Find the distance between the parallel planes
`vecr.(2hati-3hatj+6hatk) = 5` and
`vecr.(6hati-9hatj+18hatk) + 20 = 0`.

Taking `vecr=(xhati+yhatj+zhatk)_`, the Cartesian equations of the given planes are
`(xhati+yhatj+zhatk).(2hati-3hatj+6hatk)=5`
`rArr 2x-3y+6z-5=0`…………(i)
and `(xhati+yhatj+zhatk).(6hati-9hatj+18hatk)+20=0`
`rArr 6x-9y+18z+20=0`…………......(ii)
Let `P(x_(1),y_(1),z_(1))` be any point on (i). then, `2x_(1)-3y_(1)+6z_(1)=5`...............(iii)

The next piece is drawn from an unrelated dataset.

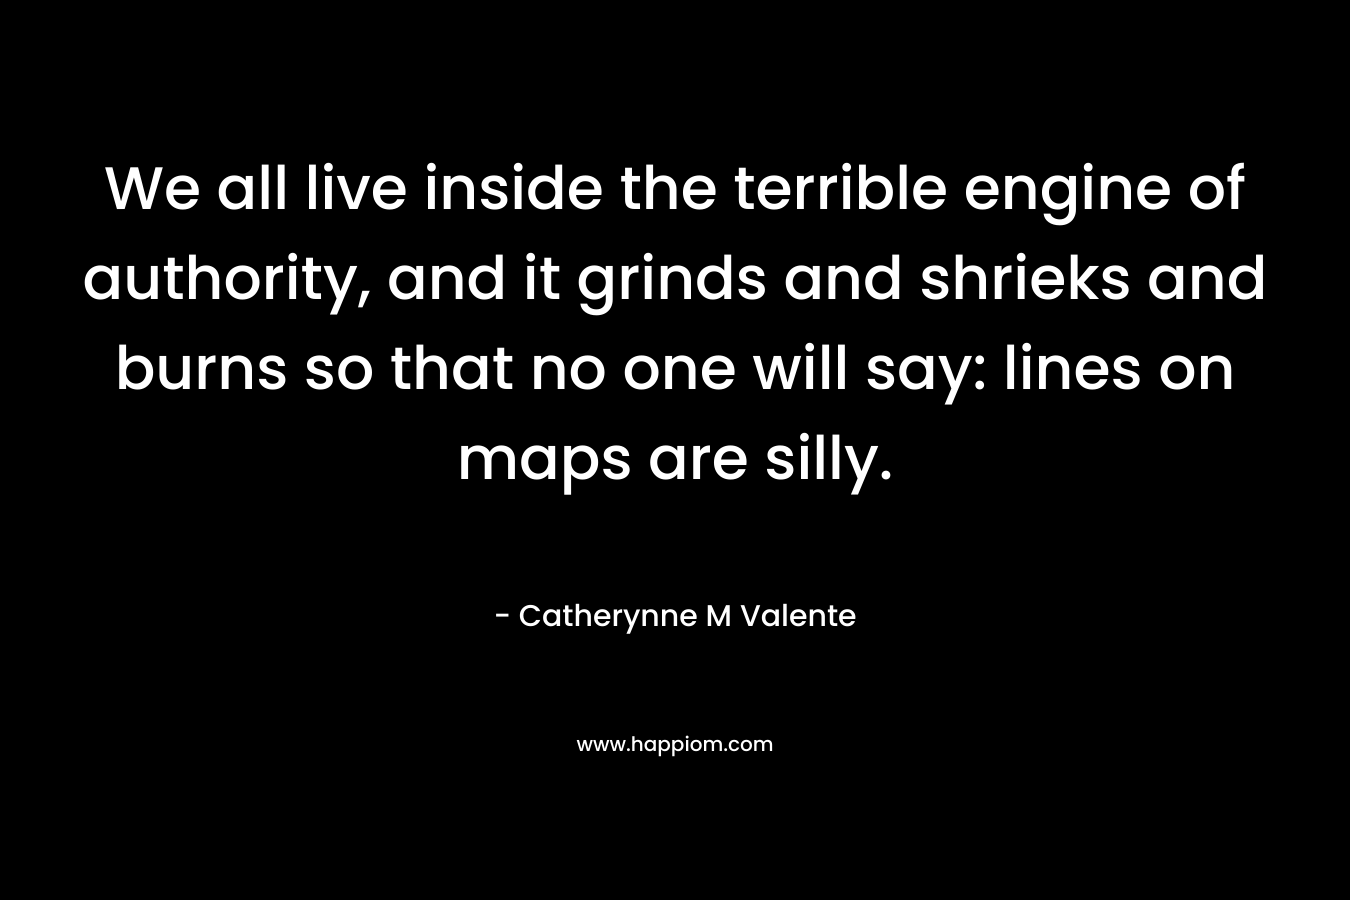 We all live inside the terrible engine of authority, and it grinds and shrieks and burns so that no one will say: lines on maps are silly.

Distance between the given planes.
=length of the perpendicular from `P(x_(1),y_(1),z_(1))` to the plane (ii) ,
`=(|6x_(1)-9y_(1)+18z_(1)+20|)/(sqrt(6^(2)+(-9)^(2)+18^(2))=(|3(2x_(1)-3y_(1)+6z_(1))+20|)/(sqrt(36+81+324)`
`=(|(3xx5)+20|)/(sqrt(441))` [using (iii)].
`=35/21=5/3` units.
Hence, the distance between the given planes is `5/3` units.